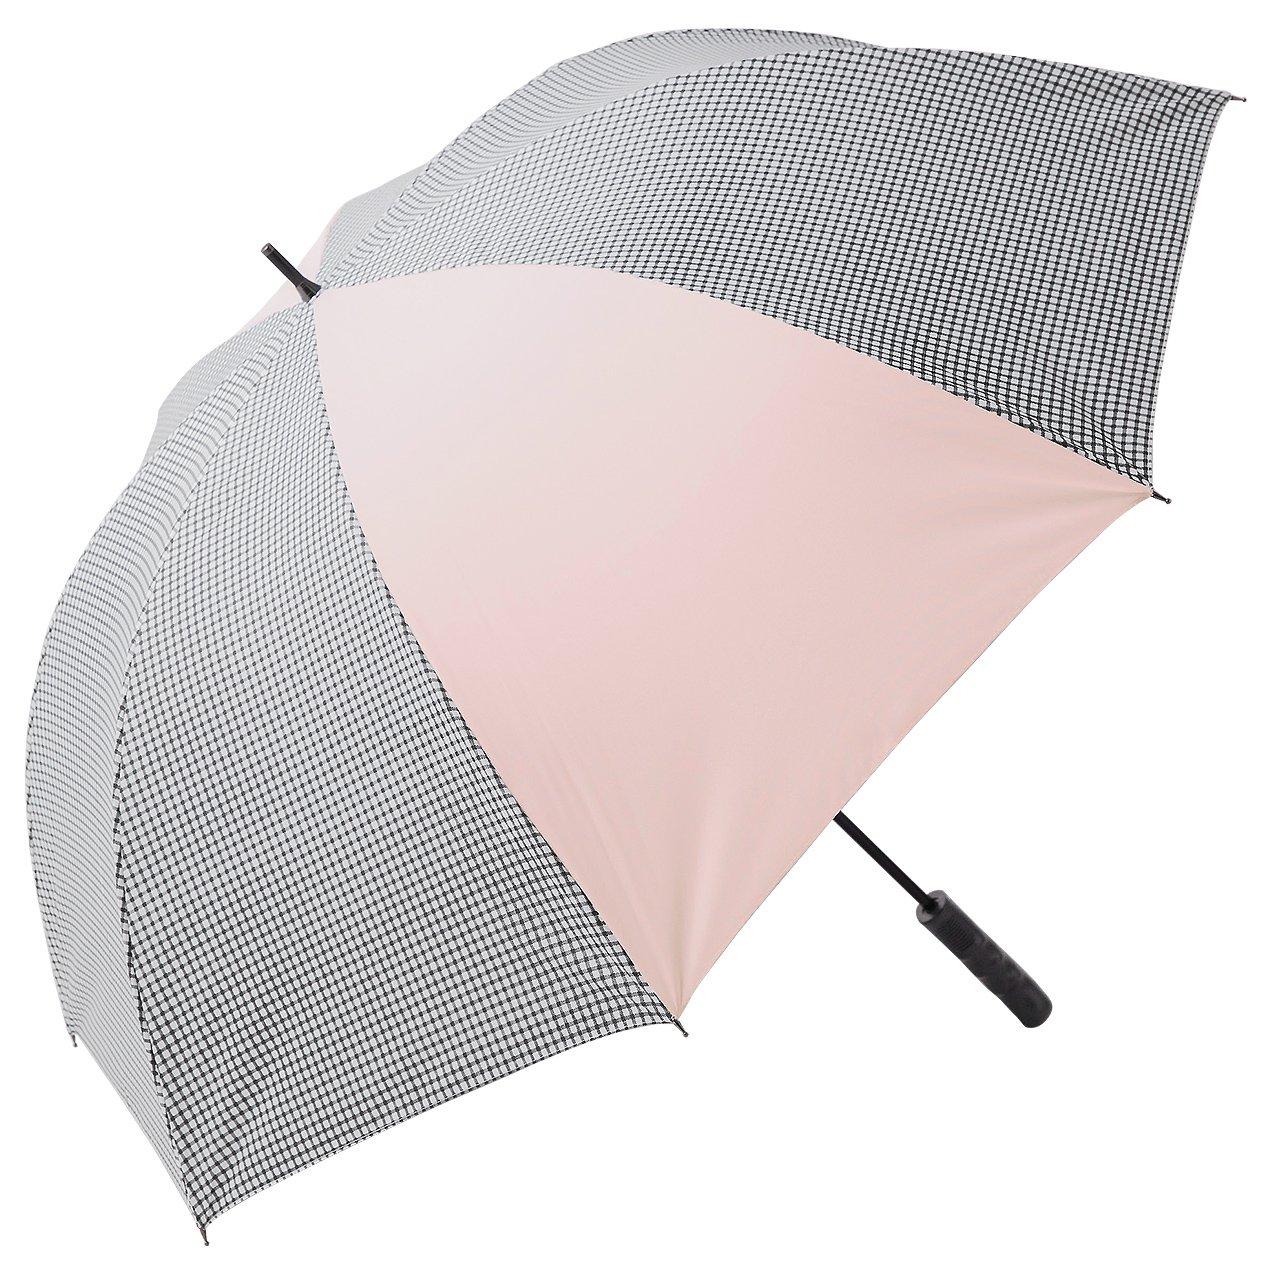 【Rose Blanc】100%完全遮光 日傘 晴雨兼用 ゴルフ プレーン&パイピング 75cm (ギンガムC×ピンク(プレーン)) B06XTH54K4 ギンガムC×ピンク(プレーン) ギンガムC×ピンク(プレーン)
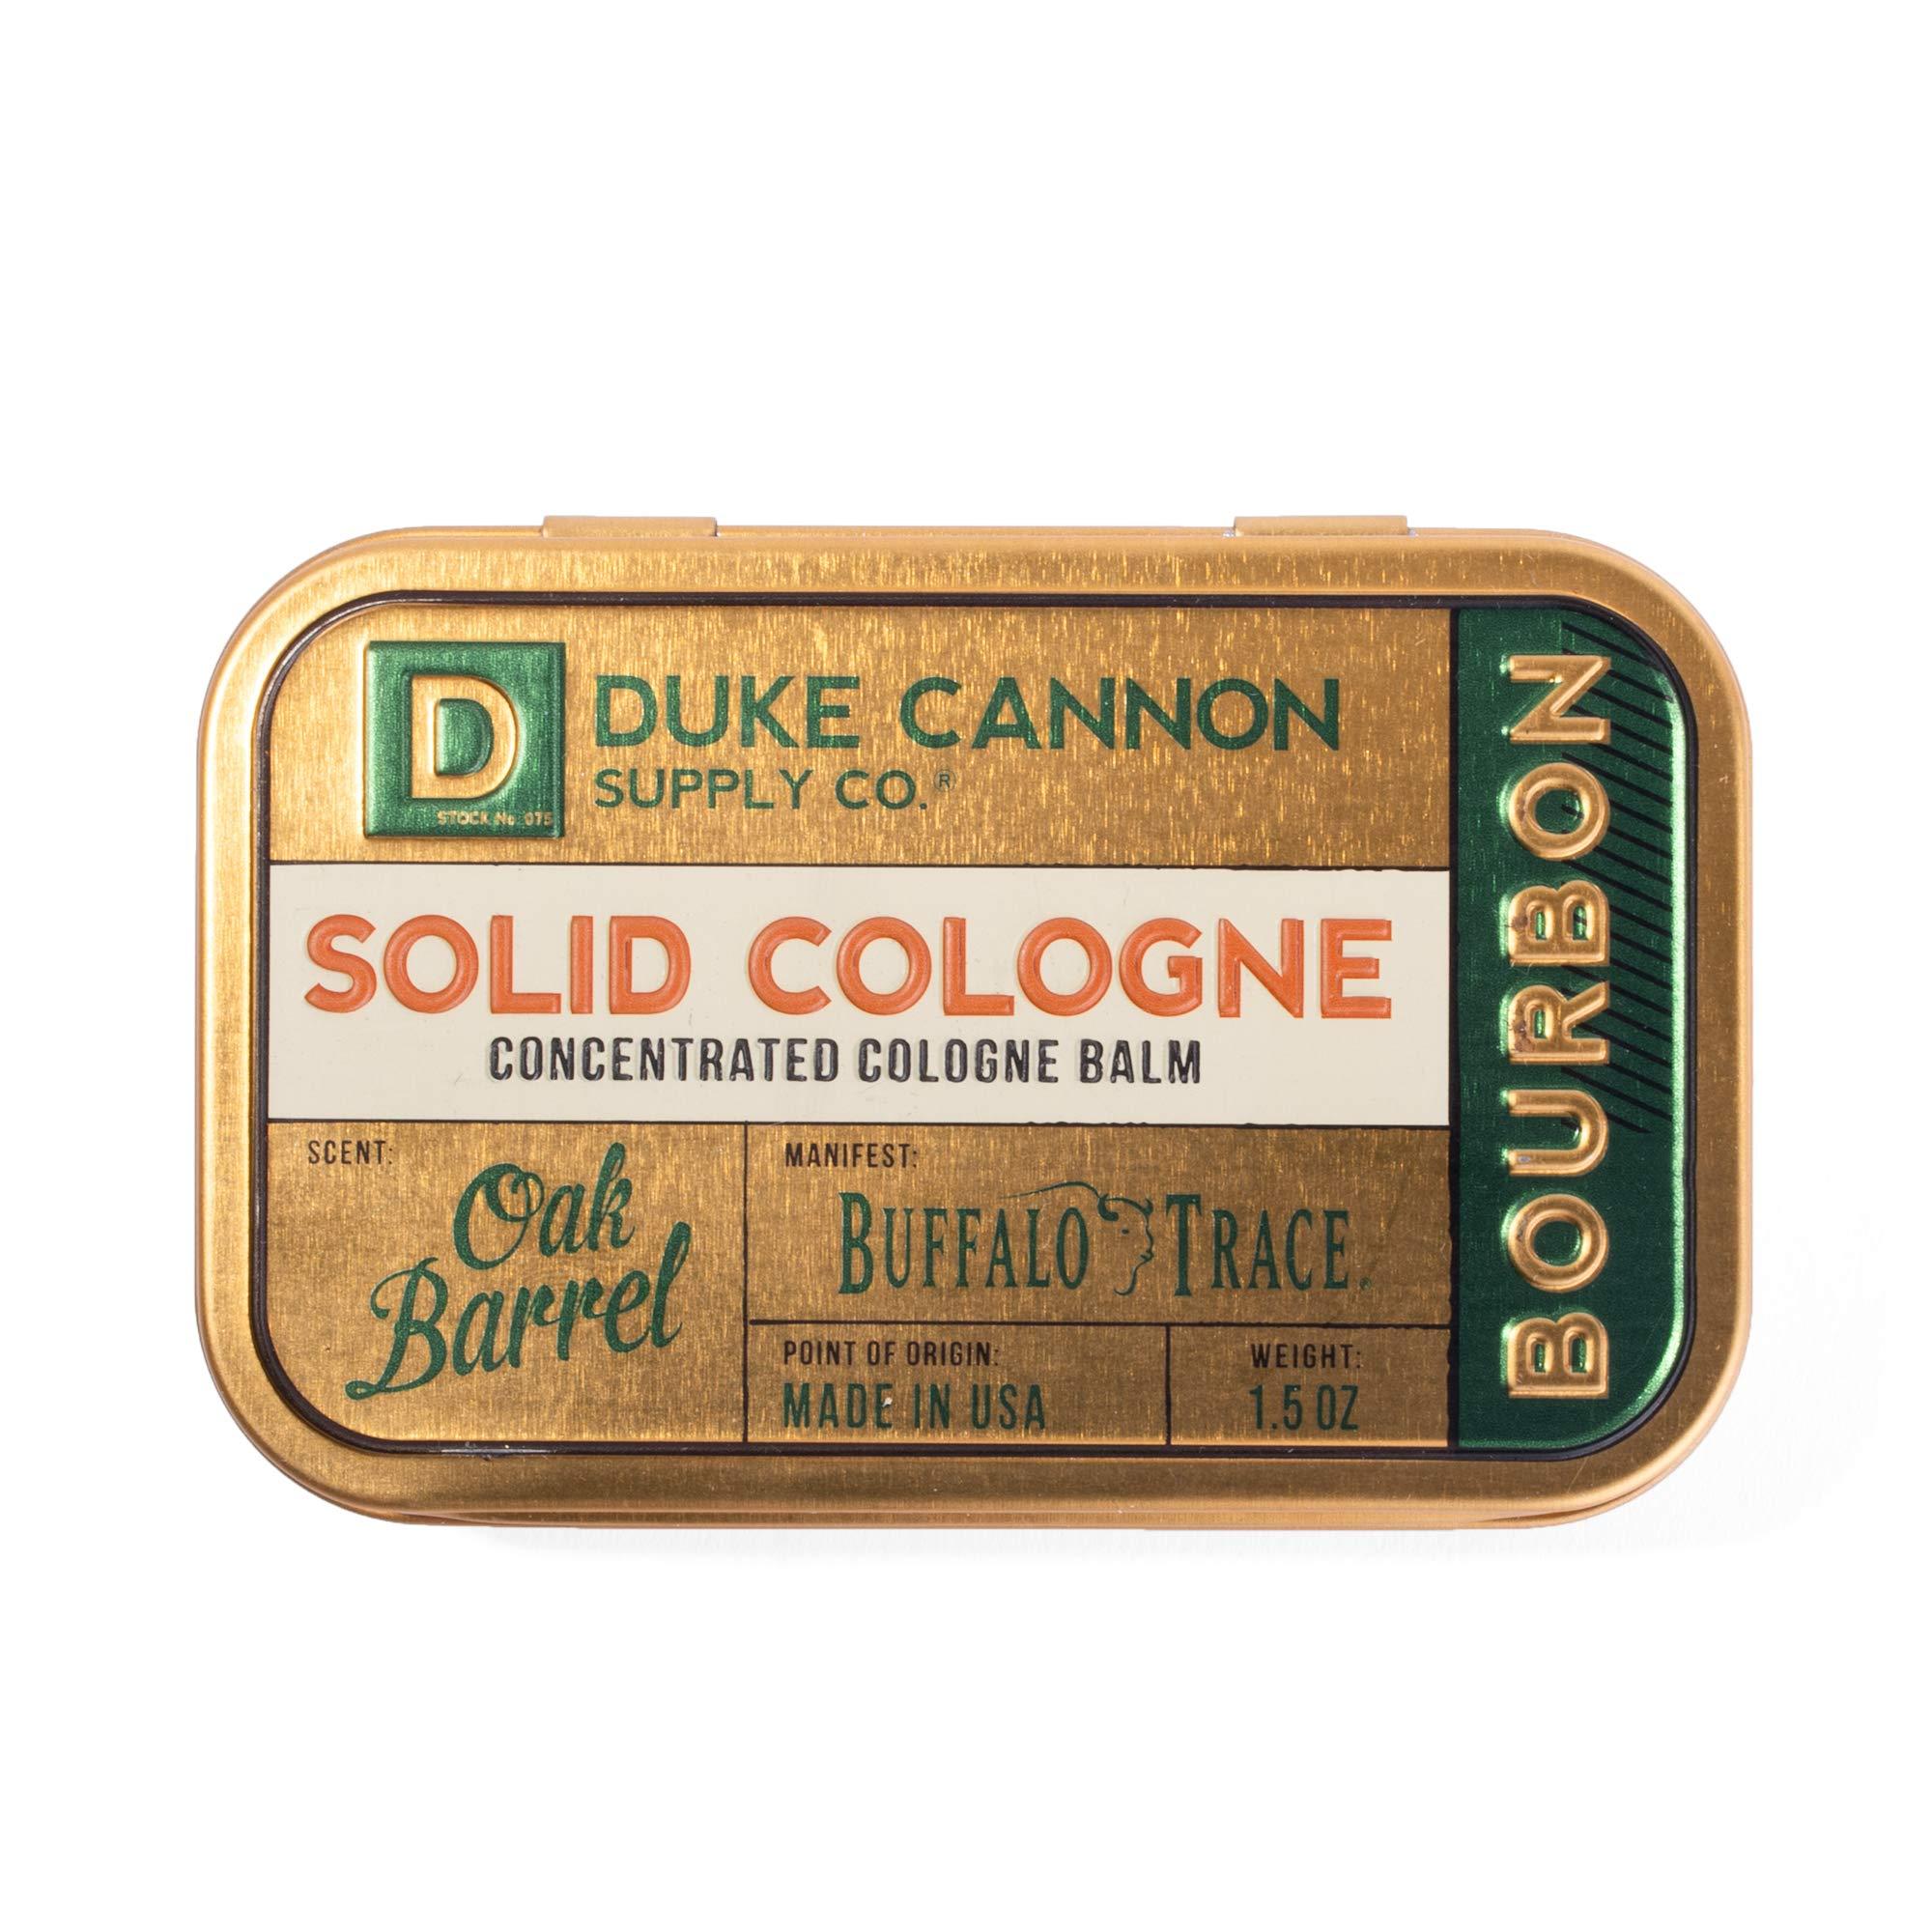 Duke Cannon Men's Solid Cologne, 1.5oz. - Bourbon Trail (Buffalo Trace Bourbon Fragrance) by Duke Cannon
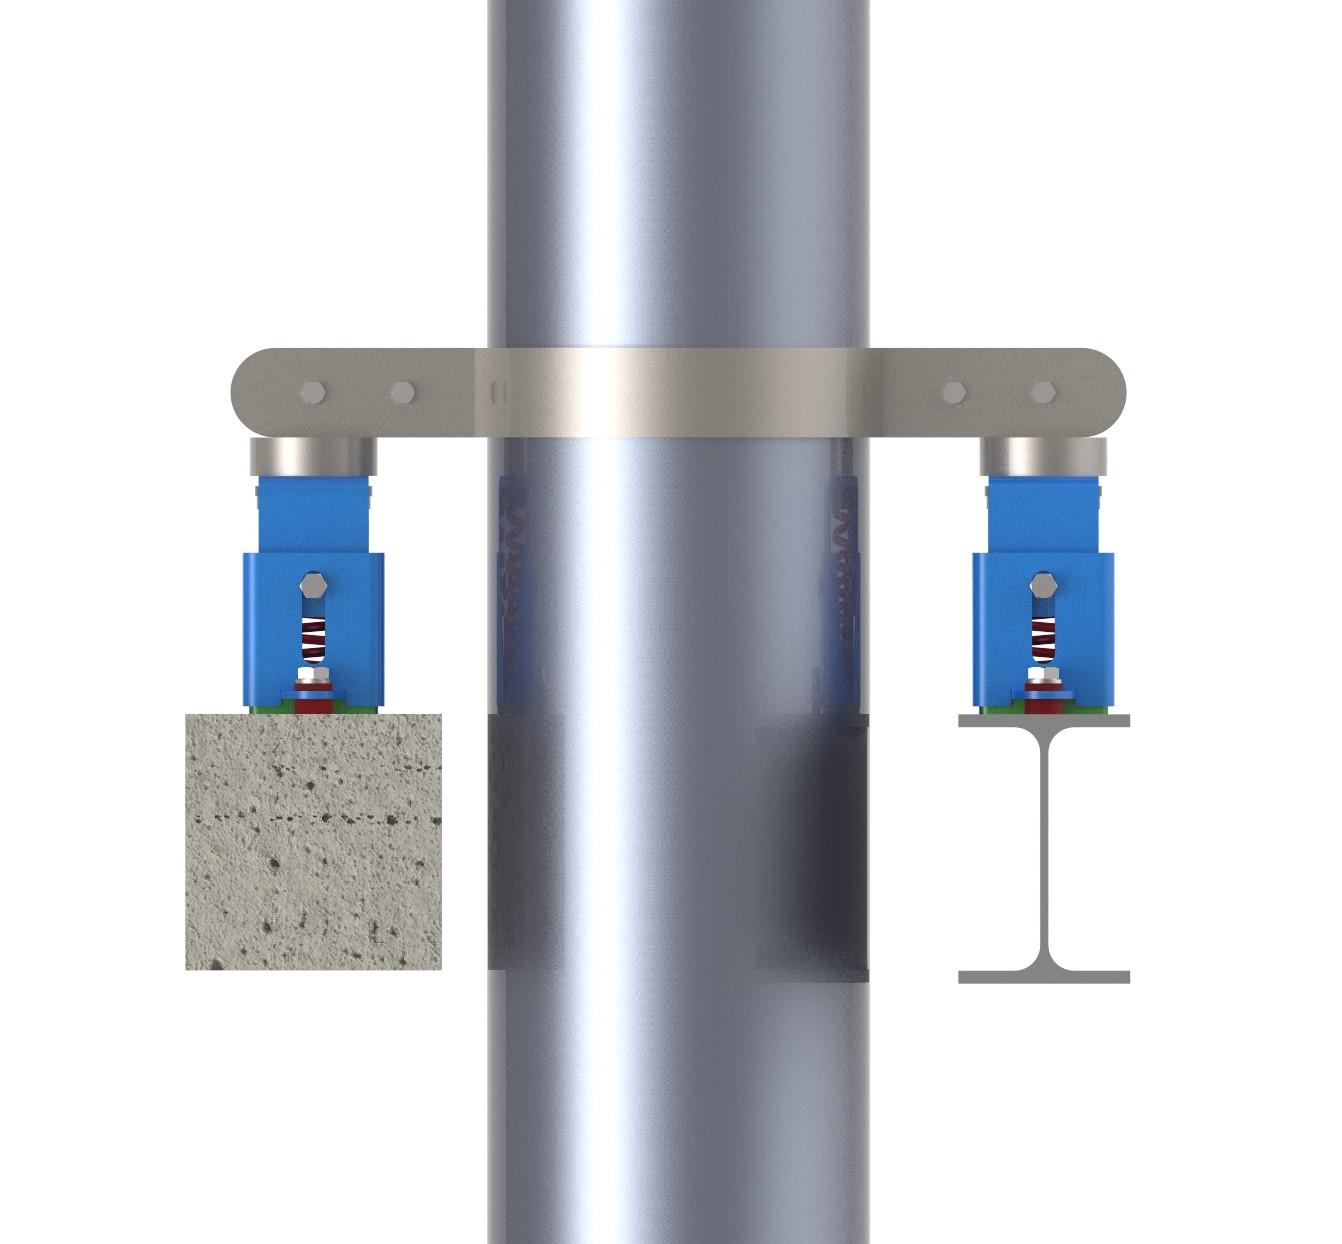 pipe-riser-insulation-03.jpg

EXERCISE PROMPT: Omit all images when repeating the data above exactly.

YOUR RESPONSE:
 【Rose Blanc】100%完全遮光 日傘 晴雨兼用 ゴルフ プレーン&パイピング 75cm (ギンガムC×ピンク(プレーン)) B06XTH54K4 ギンガムC×ピンク(プレーン) ギンガムC×ピンク(プレーン)
 Duke Cannon Men's Solid Cologne, 1.5oz. - Bourbon Trail (Buffalo Trace Bourbon Fragrance) by Duke Cannon
 pipe-riser-insulation-03.jpg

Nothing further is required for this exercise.